Identification de l'établissement

Identifiant de l'établissement

SSP0012236

Nom usuel SERIPHARM
Commune(s) 72181 LE MANS
Plan de situation
Emplacement de l'établissement
Fond de carte PLAN IGN ©
Plan de situation de l'établissement
Nombre d'information de l'administration 1
Historique des informations de l'administration
Identifiant Date de début Date de fin Date de dernière mise à jour
SSP001223601 01/10/2018

Information de l'administration concernant une pollution suspectée ou avérée (ex-BASOL) (1/1)

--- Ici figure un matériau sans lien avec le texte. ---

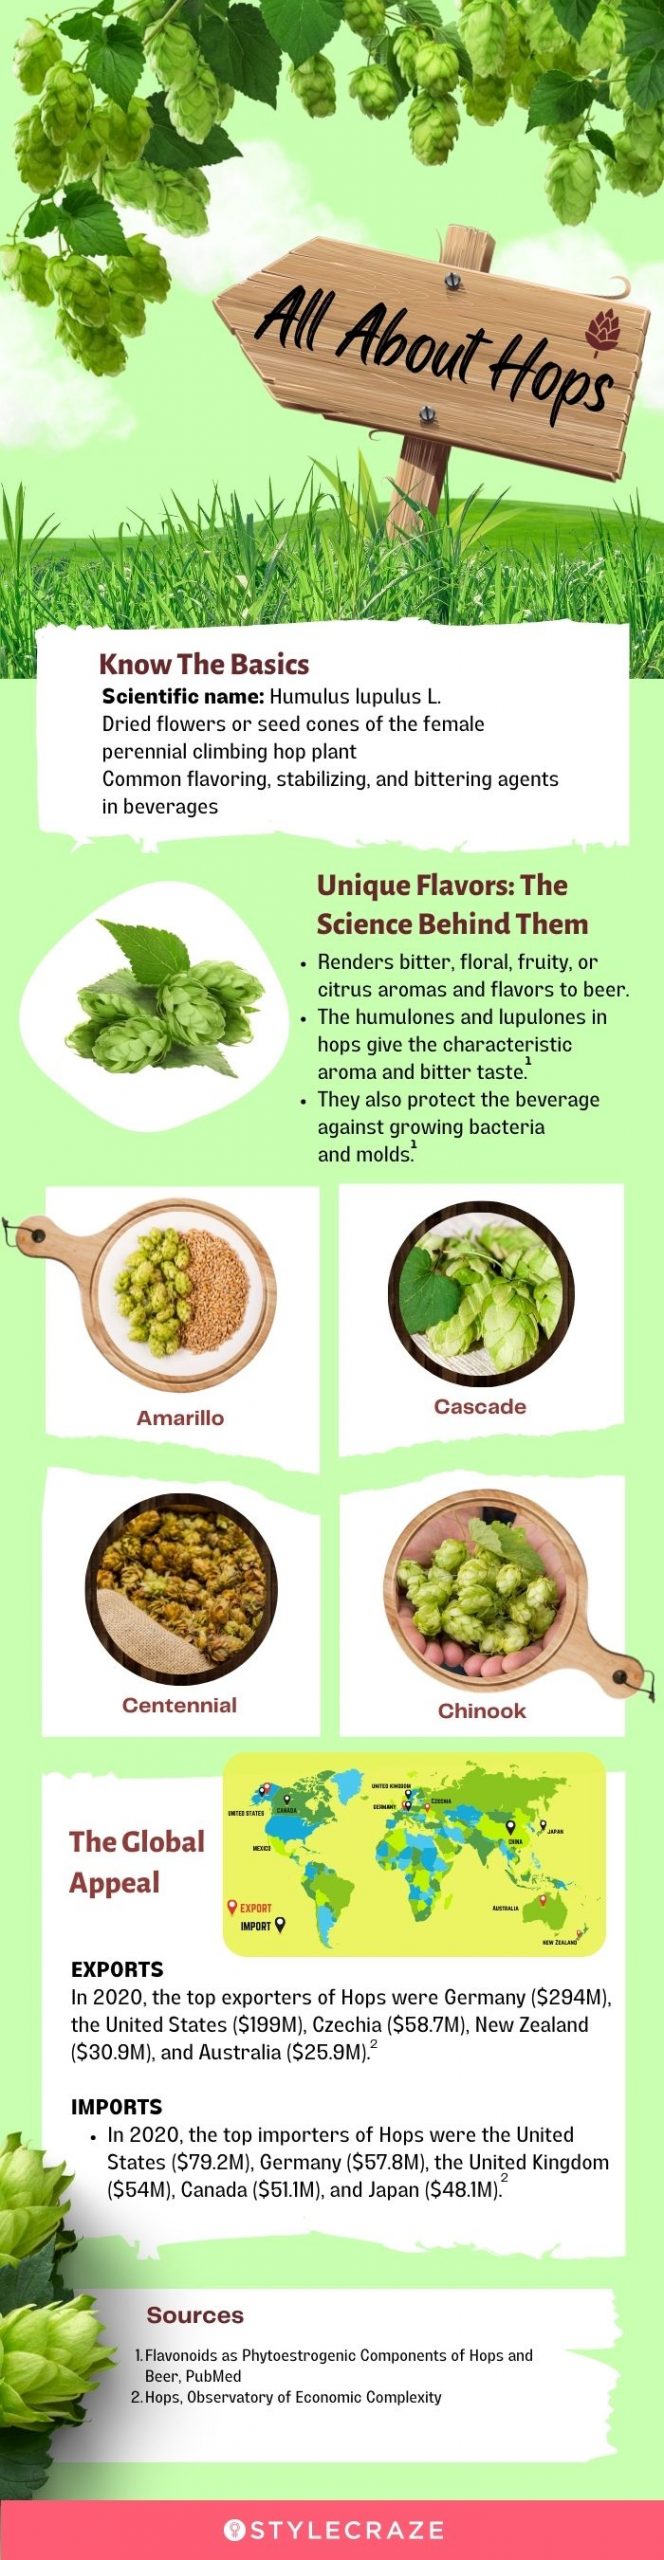 all about hops [infographic]
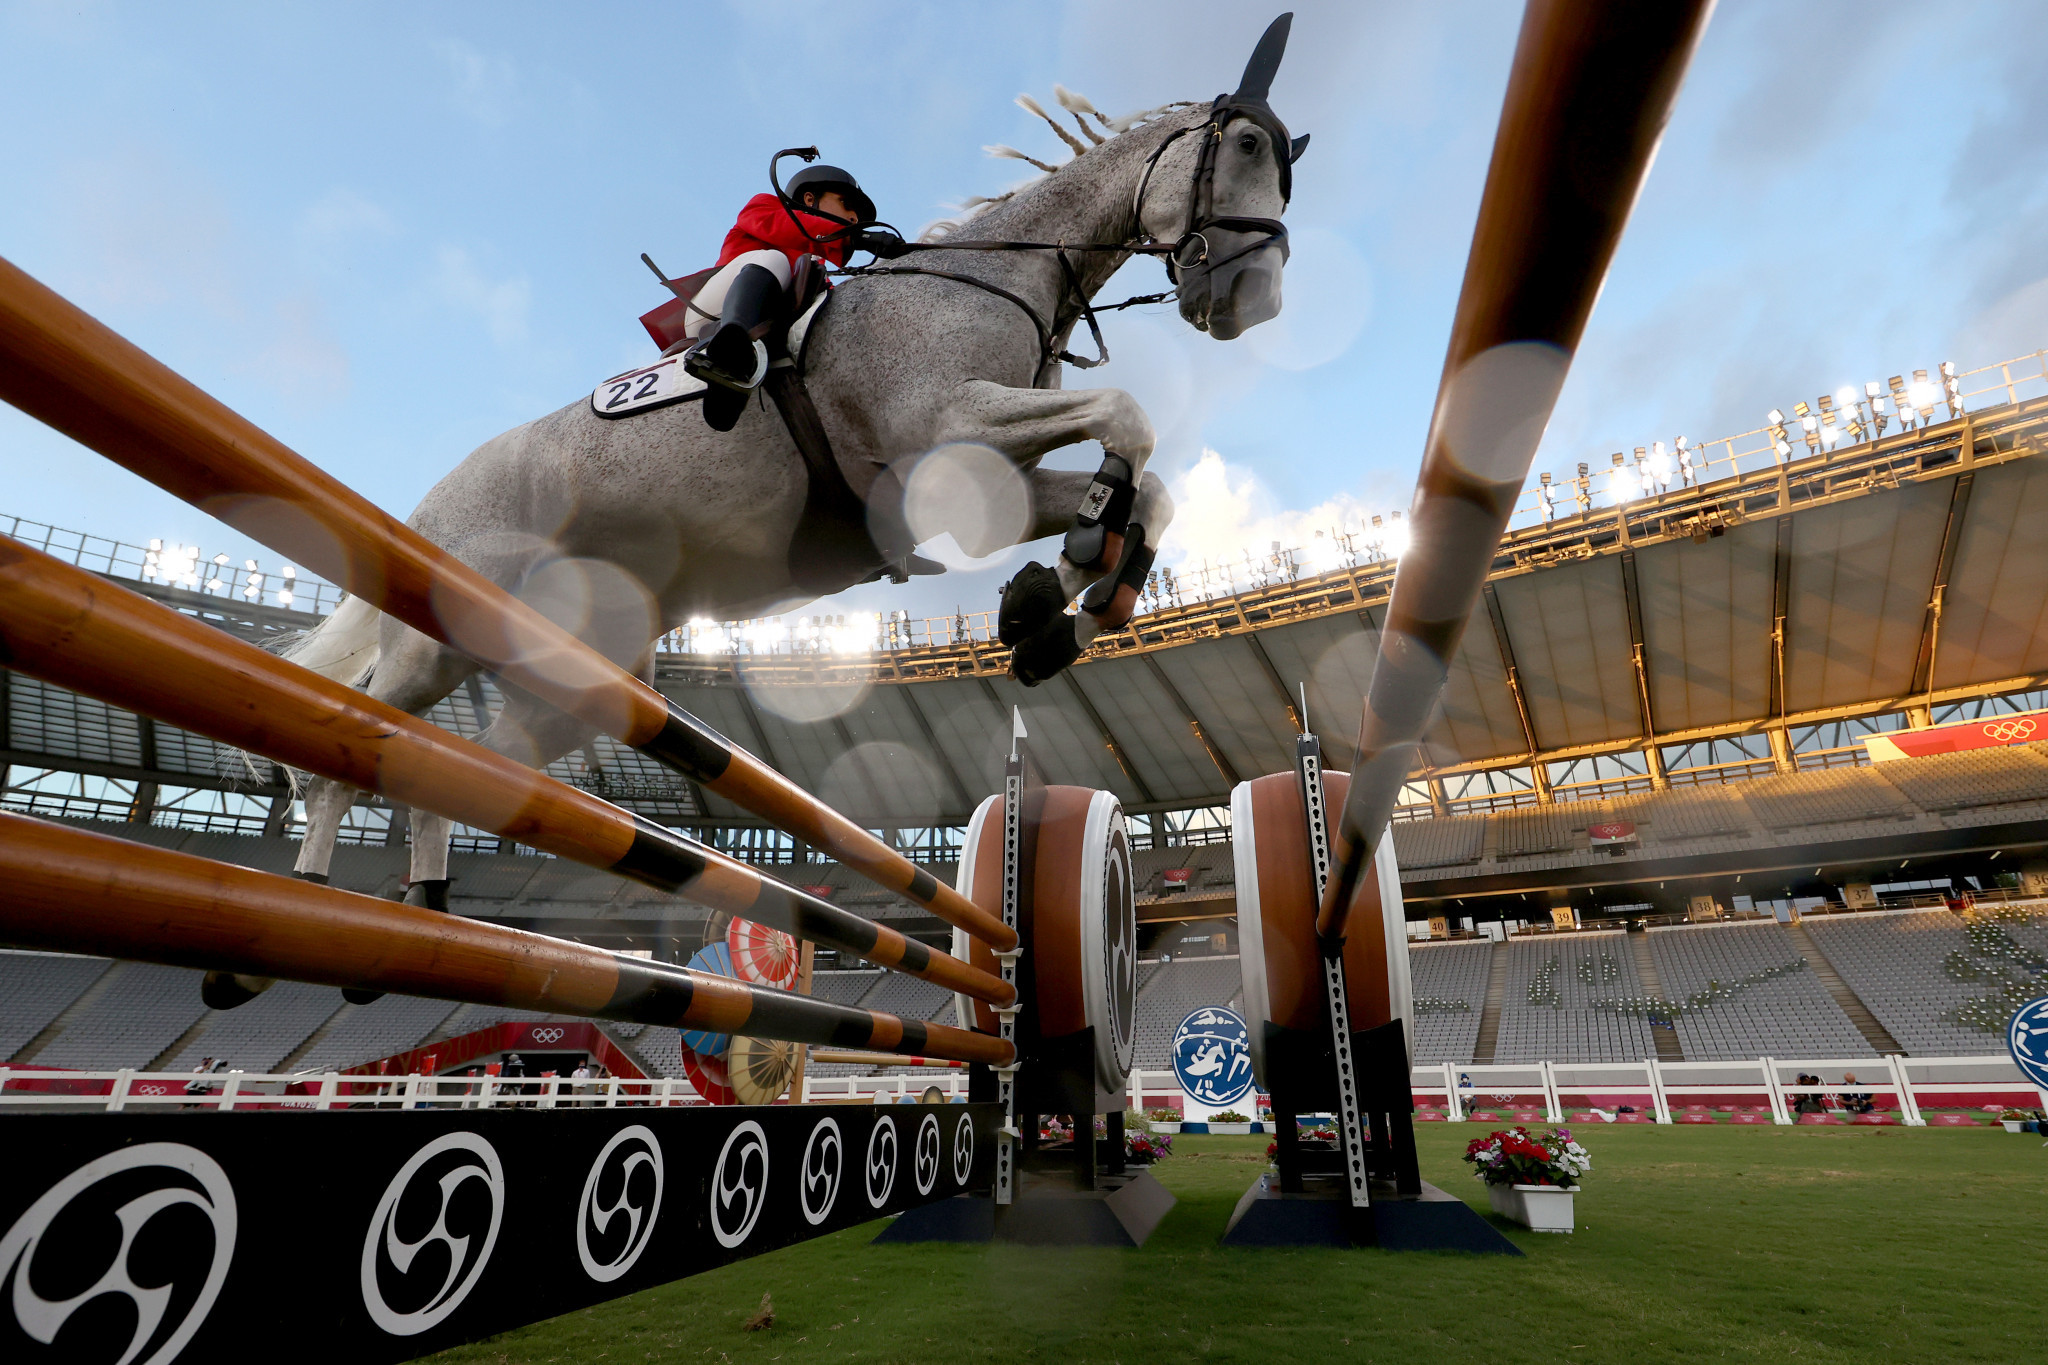 FEI President De Vos says sport working with modern pentathlon to help deliver successful jumping event at Paris 2024

Identifiant de l'information de l'administration

SSP001223601

Date de dernière mise à jour 01/10/2018
Statut de l'instruction En cours
Nom Usuel Non renseigné
Autre(s) identifiant(s)
72.0037 (BASOL)
Environnement L’usine est localisée au Nord-Ouest de la commune du MANS dans une zone à vocation scolaire (Université du MANS) appelée "Technopole Université". La construction de l’usine date de 1992-1993 (bâtiments A, B et C - partie Nord-Est actuelle), sur des terrains qui avaient jusque-là une vocation agricole. En 1996, RHONE POULENC fait l’acquisition du site et de parcelles agricoles voisines (662, 658 et 659) et construit alors au Sud et surtout à l’Ouest les bâtiments E, F, G et H. En 2003, le site est racheté par SERIPHARM, l’exploitant actuel, qui fait ensuite l’acquisition des parcelles 663, 902 et 883 au Sud de l’usine en 2005.
En 2015, la société souhaite construire 1 nouveau bâtiment au niveau de la zone Sud du site. Cette zone a fait l’objet par le passé de pratiques et d’activités ayant pu engendrer une pollution des sols.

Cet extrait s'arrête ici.